Pour autant, une telle clause ne pouvait exonérer la société CLIMB UP ARKOSE des engagements pris formellement en matière d’accès et de visibilité, si bien que les requérants apparaissent fondés à solliciter l’indemnisation des préjudices engendrés par leur non-exécution.
Sur la demande d’indemnisation des pertes de chiffre d’affaire et d’exploitation et des charges indues
Monsieur [A] et l’association ACADÉMIE DE KUNG FU ET DE TAI CHI se fondent sur les conclusions de Monsieur [K], expert amiable, pour demander l’indemnisation d’une perte de chiffre d’affaires de 28.500,00 euros, d’une perte d’exploitation de 21.700,00 euros et de charges indues à hauteur de 29.611,92 euros.
La société CLIMB UP ARKOSE M’ROC conteste ces montants, notamment en ce que :
seule la perte de marge brute ou sur coûts variables est indemnisable,l’assiette de calcul est discutable,le lien de causalité entre les manquements et l’évolution de la clientèle n’est pas justifié.
Sur le quantum
Monsieur [A] et l’association ACADÉMIE DE KUNG FU ET DE TAI CHI sollicitent concomitamment l’indemnisation d’une perte de chiffre d’affaires à hauteur de 28.500,00 euros et d’une perte d’exploitation de 21.700,00 euros.
La demande d’indemnisation d’une perte de chiffre d’affaires est manifestement non fondée, dès lors qu’elle doit nécessairement être appréhendée au regard du coût d’exploitation des deux activités (entraînement sportif et enseignement du Kung Fu et du Taï Chi) pour déterminer les réelles pertes financières des structures sportives gérées par Monsieur [A]. Monsieur [I] [K], expert honoraire en évaluation d’entreprise, le constate lui-même, puisqu’il explique en page numérotée quatre du rapport de “chiffrage” du préjudice allégué par les requérants que les deux méthodologies d’évaluation du préjudice envisageables impliquent soit de soustraire à la perte de chiffre d’affaires les fournitures, charges externes et frais personnel non engagés, soit de déduire d’une perte de marge sur coûts variables les économies de frais fixes. Il a ainsi procédé à l’estimation du chiffre d’affaires “perdu en raison des travaux” aux fins uniquement déterminer les pertes d’exploitation subséquentes.

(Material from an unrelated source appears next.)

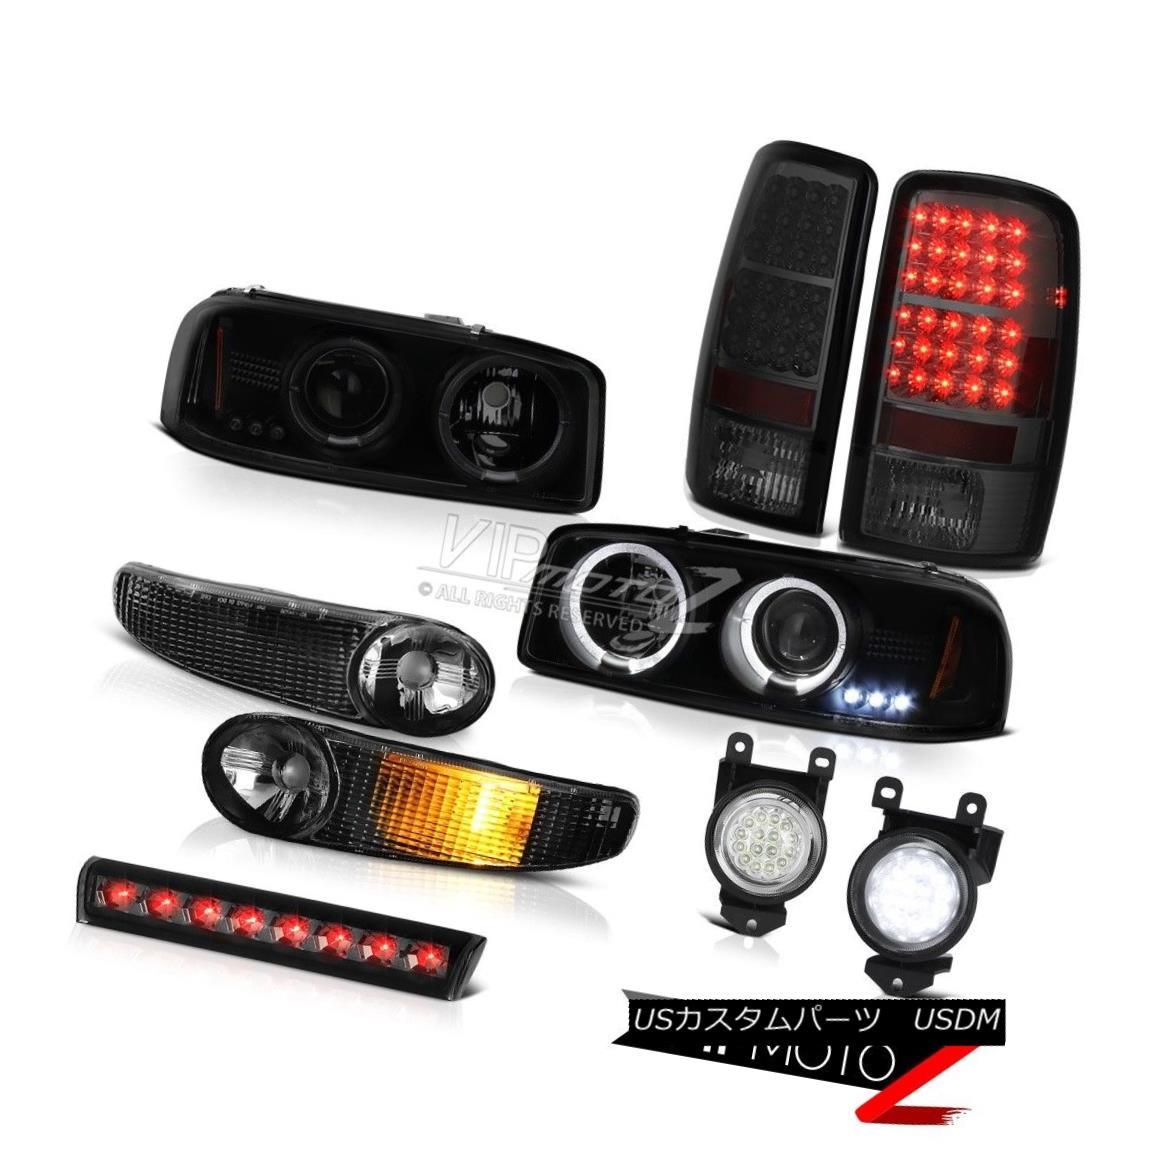 ヘッドライト Projector Headlights Bumper Tail Lights FogLamp 3rd Brake 03 04 05 06 Yukon 6.0L プロジェクターヘッドライトバンパーテールライトFogLamp 3rdブレーキ03 04 05 06ユーコン6.0L

De ce fait, il convient dès à présent de rejeter la demande autonome d’indemnisation de perte de chiffre d’affaires.
Concernant les pertes d’exploitation alléguées, Monsieur [K] a retenu un préjudice de 21.700,00 euros au détriment des structures sportives ENTREPRISE OPTIMAL et ACADÉMIE DE KUNG FU ET DE TAI CHI.
Pour obtenir ce montant, Monsieur [K] a déterminé, dans un premier temps, le chiffre d’affaires “perdu en raison des travaux”, lequel doit en réalité s’analyser en une perte de chance de réaliser un montant de vente de services sportifs plus important. La réalité et l’étendue des désagréments, confirmées par les procès-verbaux de constat d’huissier de justice (cf. développements précédents) requièrent de retenir un pourcentage de perte de chance de quatre-vingt, dès lors que la problématique d’accès aux salles louées a légitimement pu dissuader de potentiels usagers de prendre une inscription ou de la renouveler.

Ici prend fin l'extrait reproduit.